Meanwhile, given the secretive culture in Apple, I wonder if this "leak" is a
calculated one. It can be from either top-executives or internal politics
though.

------
reaperducer
Well, Wall Street wanted Apple to put out more services. This is pretty much
the ultimate tech service.

But I don't think this will free everyone from mobile carriers, as we would
hope. At least if you don't live in a tent. Those of us who live and work in
skyscrapers will still need cellular and/or WiFi connections.

------
ksec
There is a much higher possibility of Apple having their own Satellites for
Mapping Data, Imagery, Extreme accurate location positioning than whatever
Bloomberg or the 102 comment on HN is dreaming of.

------
neonate
[http://archive.md/Gfn6t](http://archive.md/Gfn6t)

------
Abishek_Muthian
With Apple, I would be worried that it could become an Intranet.

------
pkz
Not anymore. :-)

------
Cyder
Satellite internet is too slow to do much.
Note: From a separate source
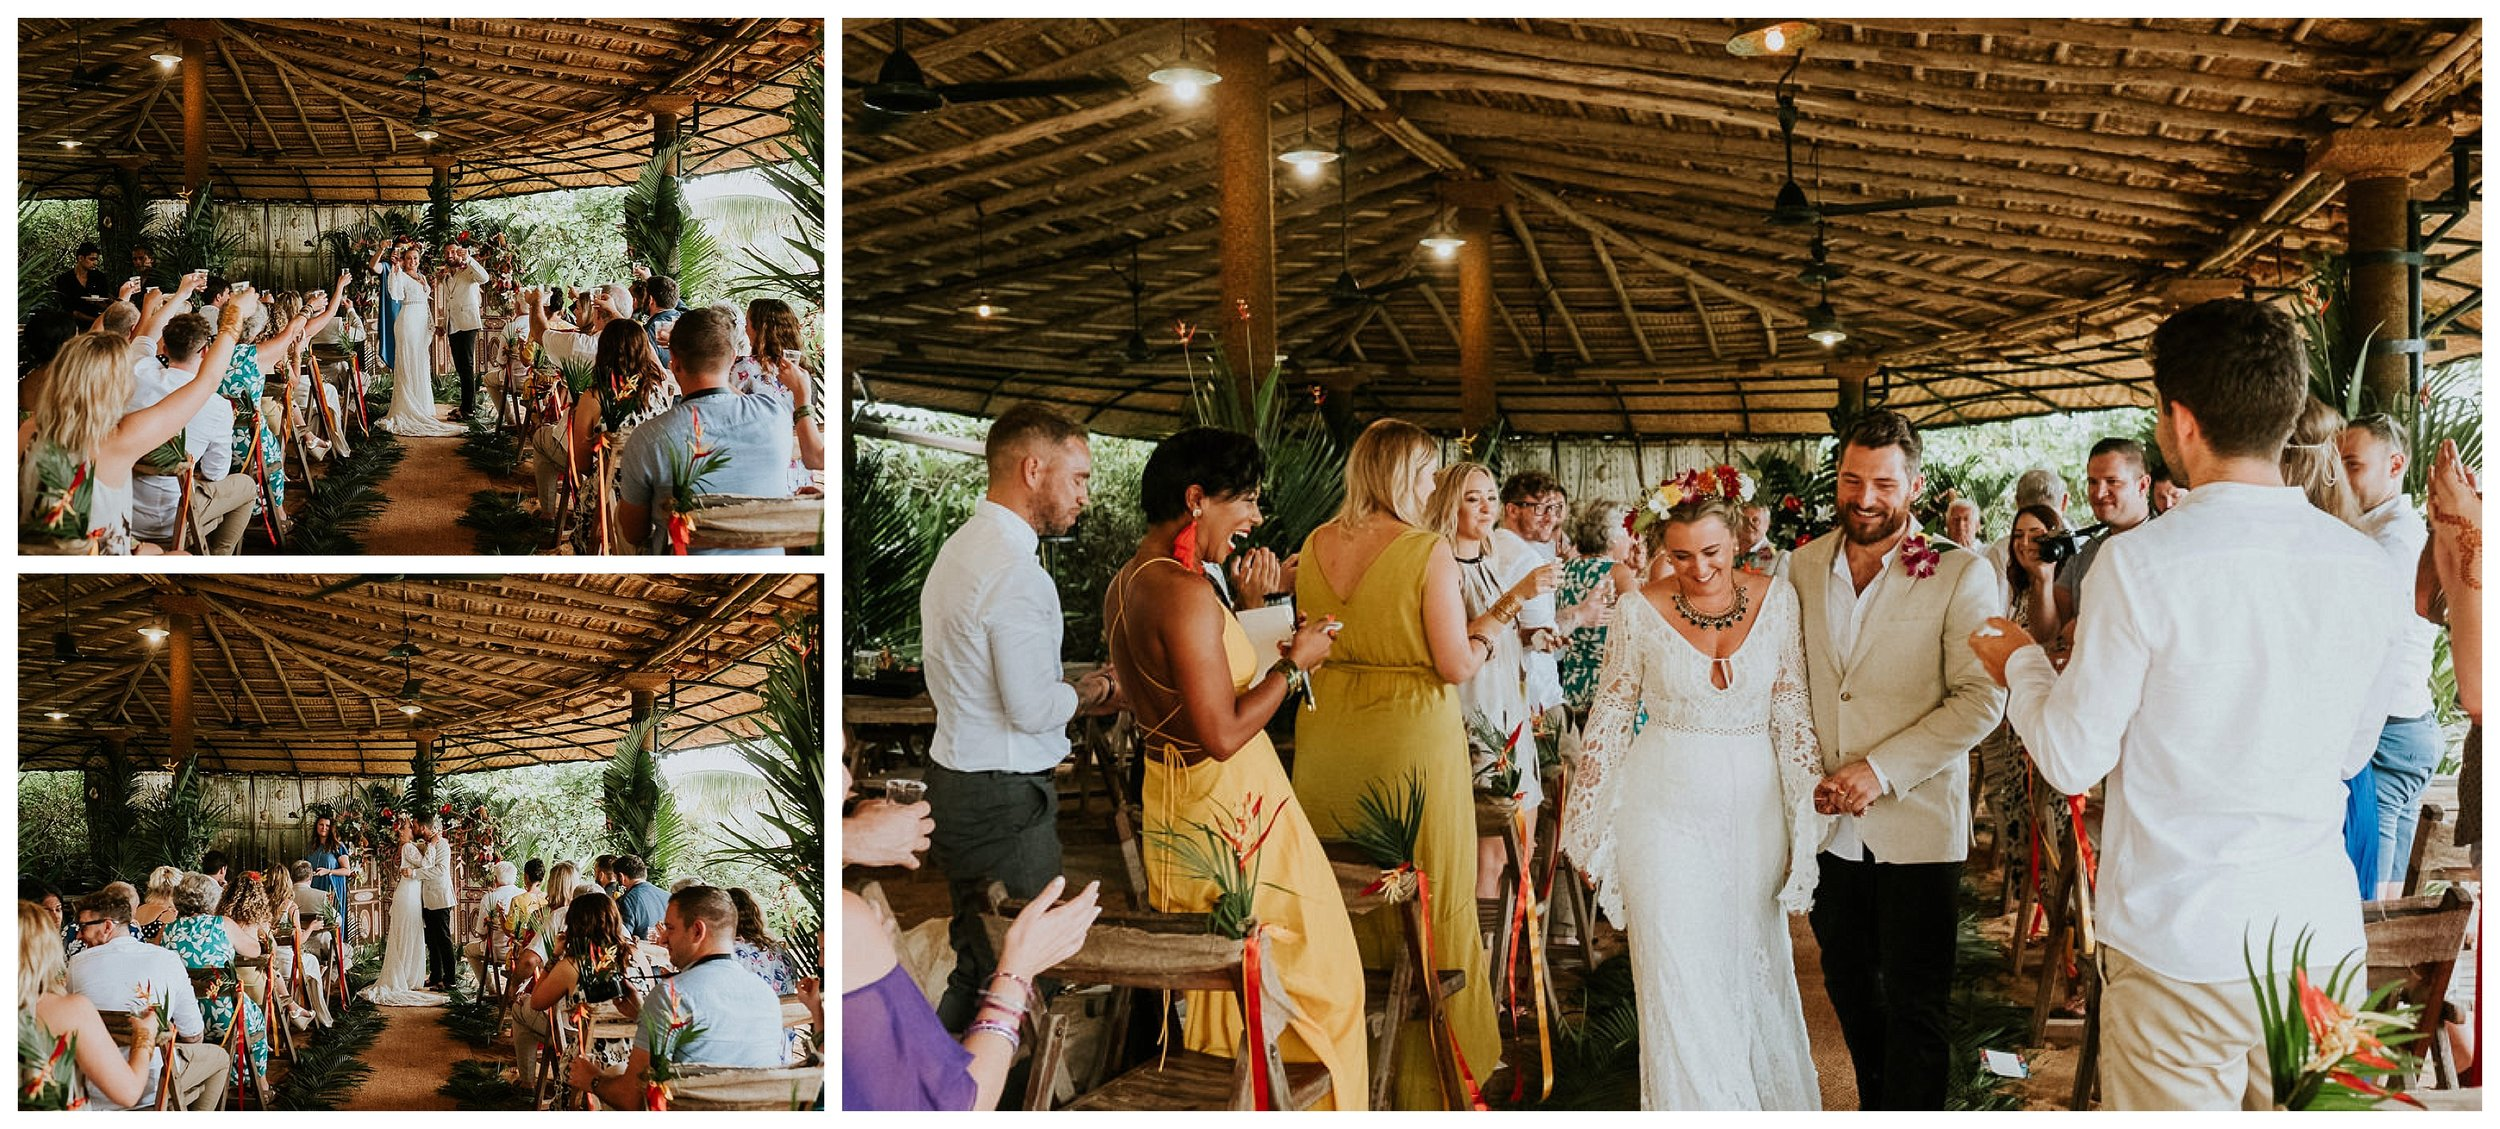 Goa Destination Wedding Photographer India Colouful Fun Joanna Nicole Photography Coco Shambhala12.jpg

It reminds me of the dial up days.

------
johnnycab
Your description of the individual missed out, chief caller-outer of _pedo
guys_ who has a penchant for legally smoking a spliff or tweeting under other
influences, whilst eschewing world dominance. However, I am ambivalent, not
only because the person has not yet been exposed as doing 'things' which might
be considered deeply unsavoury ─ even by the lax standards or sexual mores
that define people in this class. But he continues to make some progress, in
the vein of unreasonable people having the will to bend the world around them,
rather than being pliable to it. This is not an endorsement nor does it
express my consent or brings me joy to say it, but _somebody_ has to do it, so
the others can follow.

------
dayaz36
Are all tech companies just copying Elon now?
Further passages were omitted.